Die fünf Räume sind Spielräume. Jeder Raum hat eine eigene spielerische Herausforderung und wird durch eine Pointe am Schluss abgeschlossen. Im Anschluss sind Sie bereit für den nächsten Raum. Im ersten Raum geht es um Selbstvertrauen, mit dessen Hilfe Sie dann Ihren eigenen Ausdruck finden und dazu stehen können. Genauso muss ein Unternehmer seinem Projekt vertrauen. Mit anderen Worten: Er muss zu sich stehen und zu dem, was er tut. Der zweite Raum trainiert die Kreativität und Fähigkeit, sich und andere zu inspirieren. Den spielerischen Umgang mit äußerem Druck und die Fähigkeit, im Bedarfsfall die Position zu wechseln, schult der dritte Raum. Im vierten Raum geht es darum, Probleme und Konflikte positiv zu nutzen. Im fünften Raum sollte der eigene spielerische Ansatz so perfektioniert werden, dass ein Unter-nehmer Er-folg erzielt, indem er sich beruflich und menschlich maximal lebt und realisiert. Das bedeutet nicht, dass man sich darauf konzentriert, andere auszustechen. Im Gegenteil: Es geht um das Spiel der Verbundenheit. Wie erschaffe ich Erfolg, von dem alle profitieren?

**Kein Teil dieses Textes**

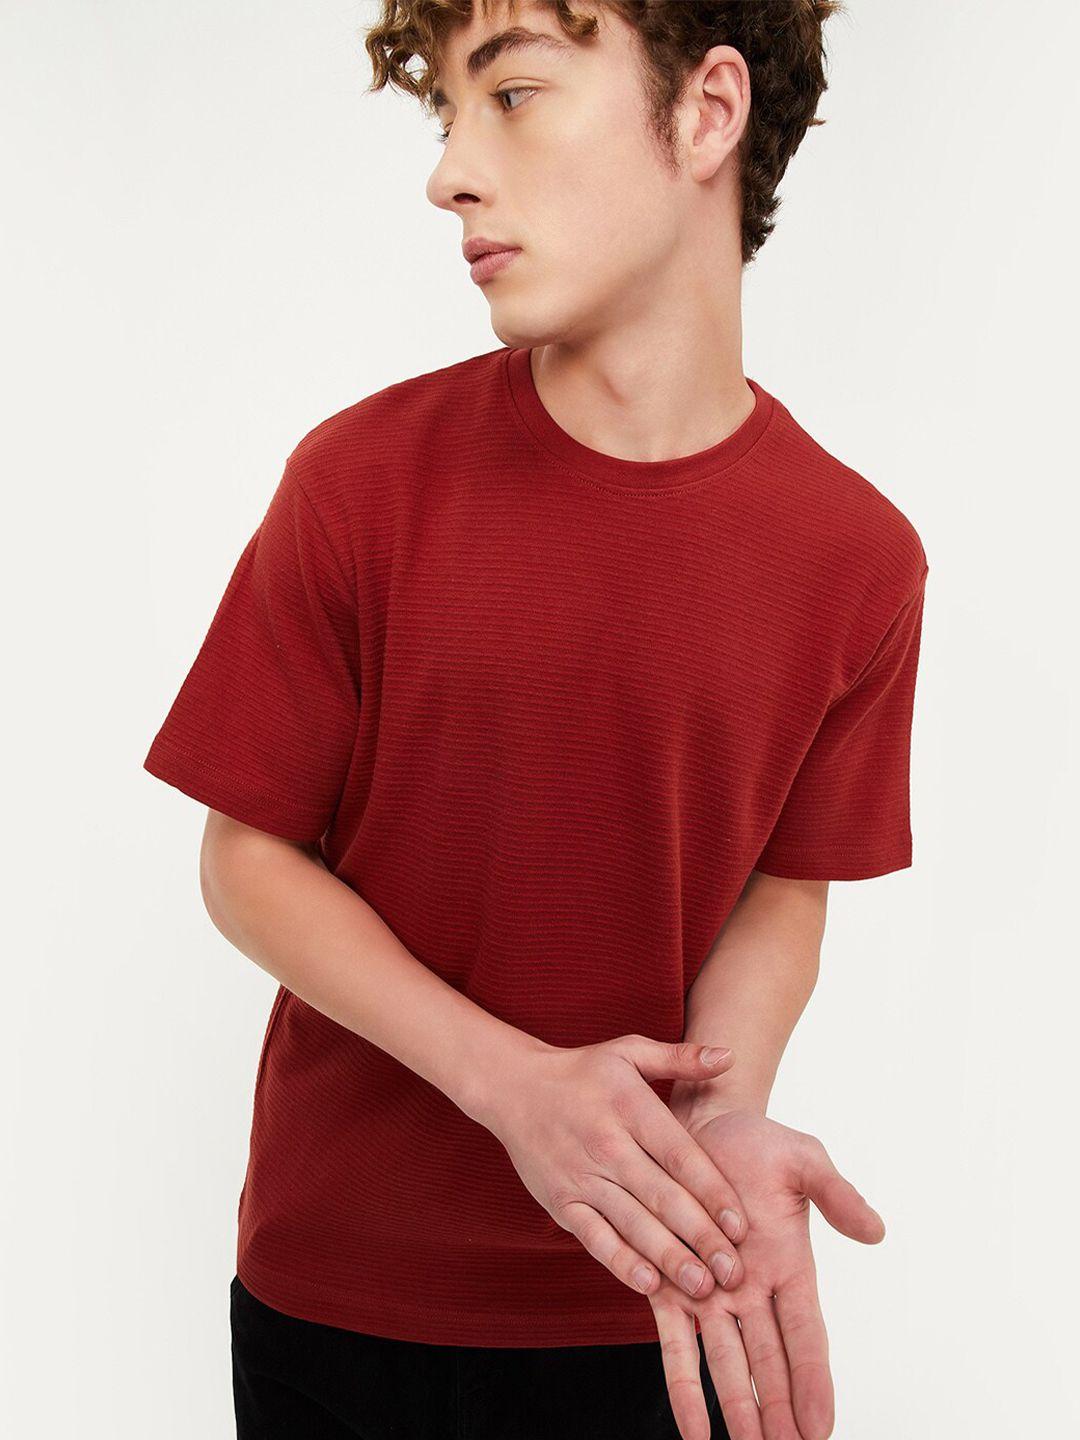 max-men-red-v-neck-pockets-t-shirt

Kann kein Problem auch ein Problem sein?

Sobald Dinge festzufahren drohen, kann man sie leicht wieder anstoßen: Man muss Varianten in den Prozess einbauen. So stellen sich automatisch neue Fragen und man bekommt Lust am Tun. In allen Arbeitsprozessen spielt Freude und Neugierde eine große Rolle.

Scheitern kann oft auch gut sein?

Machen wir uns nichts vor. Kein Mensch will scheitern. Auch ein Clown nicht. Der Unterschied ist, er hat Humor. Statt sich anzustrengen, am Alten festzuhalten, hat er Spaß am Kippen. Scheitern bedeutet, dass die Dinge nicht mehr so bleiben können, wie sie waren. Wer scheitern kann, konzentriert sich auf das Aufstehen. Je öfter er scheitert, umso mehr sieht man, welche Impulse das hervorbringt.

Wie kann mich das in der Wirtschaft weiterbringen?

Richtig Scheitern bedeutet, den Moment zu erkennen, wenn Dinge kippen. Dann sollten Sie das Selbstvertrauen in die eigene Kraft und Beständigkeit, die Kreativität und den spielerischen Umgang mit Druck einsetzen. So können Sie sich auf Veränderungen einlassen und sie lenken.

Maximales Selbstinteresse führt Ihrer Meinung nach zu Erfolg – auch als Unternehmer? 

Jeder kreative und schöpferische Vorgang beginnt innen. Anders ausgedrückt: Beginnt, weil man es will und sich davon etwas verspricht. Künstler machen nicht, was man ihnen sagt. Gründer und Unternehmer auch nicht. Wer führen will, muss in der Lage sein, sich selber zu vertrauen. Gleichzeitig ist es wichtig, nicht so zu tun, als ob es keine Fehler gibt. Führungskräfte werden zum Vorbild, wenn sie zu Fehlern stehen.

Wie gehe ich in der Wirtschaft mit Druck um?

Druck schafft Stabilität und Sicherheit. Druck entsteht durch Grenzen und durch Widerstand. Er bewegt Menschen und Maschinen. Das ist nicht negativ und fördert das berufliche und persönliche Fortkommen. Druck ist dann negativ, wenn er erdrückt. Das passiert, wenn die innere Kraft schwächer ist als die äußere. In der Wirtschaft muss der äußere Druck gesteuert werden, indem man eine eigene stabile Position einnimmt. Sie dürfen nicht dagegenhalten, bremsen oder wegdrücken. Nutzen Sie den äußeren Druck, um sich davon bewegen zu lassen.